Note: for a list of available xleap commands type "help" in the main xleap window. For help on a specific command type "help command". E.g. for help with loadpdb you should get the following on typing "help loadpdb":

> help loadpdb
variable = loadPdb filename
STRING _filename_

Load a Protein Databank format file with the file name _filename_.

The sequence numbers of the RESIDUEs will be determined from the order of residues within the PDB file ATOM records. For each residue in the PDB file, LEaP searches the variables currently defined for variable names that match the residue name. If a match is found, then the contents of the variable are copied into the UNIT created for the PDB structure. If no PDB `TER' card separates the current residue from the previous one, a bond is created between the connect1 ATOM of the previous residue and the connect0 atom of the new one. As atoms are read from the ATOM records, their coordinates are written into the correspondingly named ATOMs within the residue being built. If the entire residue is read and it is found that ATOM coordinates are missing, then external coordinates are built from the internal coordinates that were defined in the matching UNIT (residue) variable.

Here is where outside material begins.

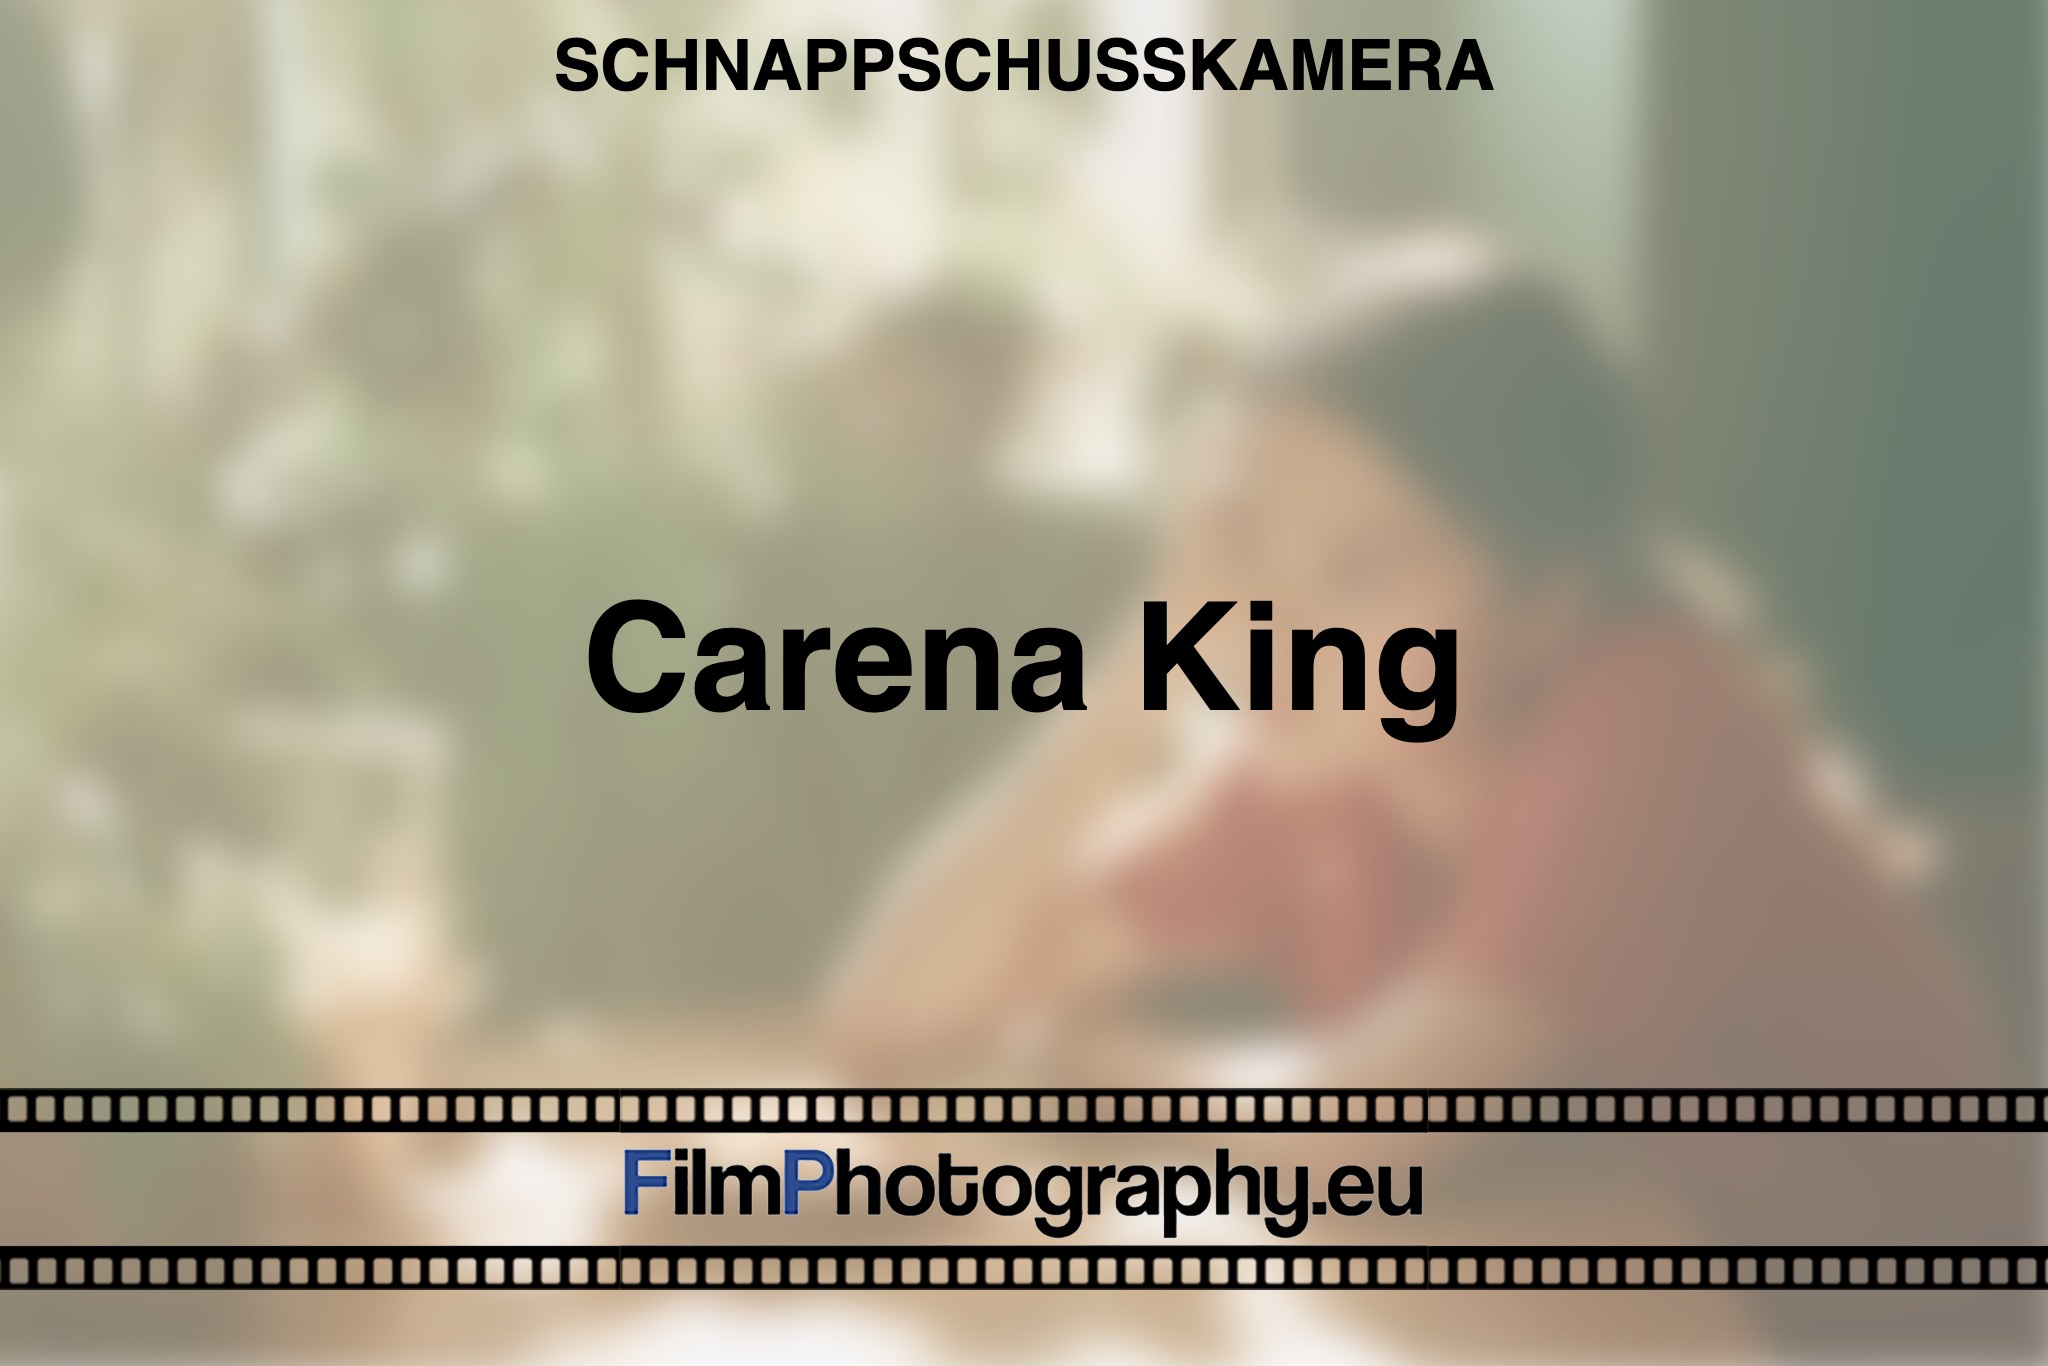 carena-king-schnappschusskamera-bnv

This allows LEaP to build coordinates for hydrogens and lone pairs which are not specified in PDB files.

Now, let's go back to the beginning and assume everything was set up properly; the distraction above was simply to give you a little insight to what goes on behind the scenes... Remember, using software like it is a black box is dangerous, especially in research.

Following this rather long aside, we can now return to where we were before. Remember that we had loaded our model:

dna1 = loadpdb "nuc.pdb"

To look at the newly created "unit" named "dna1" type:

edit dna1

This should cause the unit editor window to pop up as shown below:

To create our first prmtop and rst7 files, we simply issue the following command in the main xleap window:

saveamberparm dna1 polyAT_vac.prmtop polyAT_vac.rst7

This should give you the following output (the warning concerns the fact that we did not neutralize our system - more on this later):

> saveamberparm dna1 polyAT_vac.prmtop polyAT_vac.rst7
Checking Unit.
WARNING: The unperturbed charge of the unit: -18.000000 is not zero.

 -- ignoring the warning.

Building topology.
Building atom parameters.
Building bond parameters.
Building angle parameters.
Building proper torsion parameters.
Building improper torsion parameters.
 total 110 improper torsions applied
Building H-Bond parameters.
Not Marking per-residue atom chain types.
Marking per-residue atom chain types.
 (no restraints)

and create the following two files:

polyAT_vac.prmtop

polyAT_vac.rst7

To remind you about these files:

prmtop: The parameter/topology file. This defines the connectivity and parameters for our current model. This information is static, or in other words, it doesn't change during the simulation. The prmtop we created above is called polyAT_vac.prmtop.

rst7: The coordinates (and optionally box coordinates and velocities). This is data is not static and changes during the simulations (although the file is unaltered). Above we created an initial set of coordinates called polyAT_vac.rst7.

Now we want to create a topology that has explicit net neutralizing counterions. There are a number of different ways to add ions to a structure. In this example we shall use the addions command implemented in xleap. This method works by constructing a Coulombic potential on a 1.0 angstrom grid and then placing counterions one at a time at the points of lowest/highest electrostatic potential. The command to do this is as follows (the '0' means 'neutralize'):

addions dna1 Na+ 0

This should add a total of 18 sodium anions to counteract the -18 charge of the DNA chain. (Note: The command works on integers and so if your system charge is -17.999 then it will only add 17 counterions. In this case the simple solution is to explicitly specify the number of counter ions you need in place of the zero.)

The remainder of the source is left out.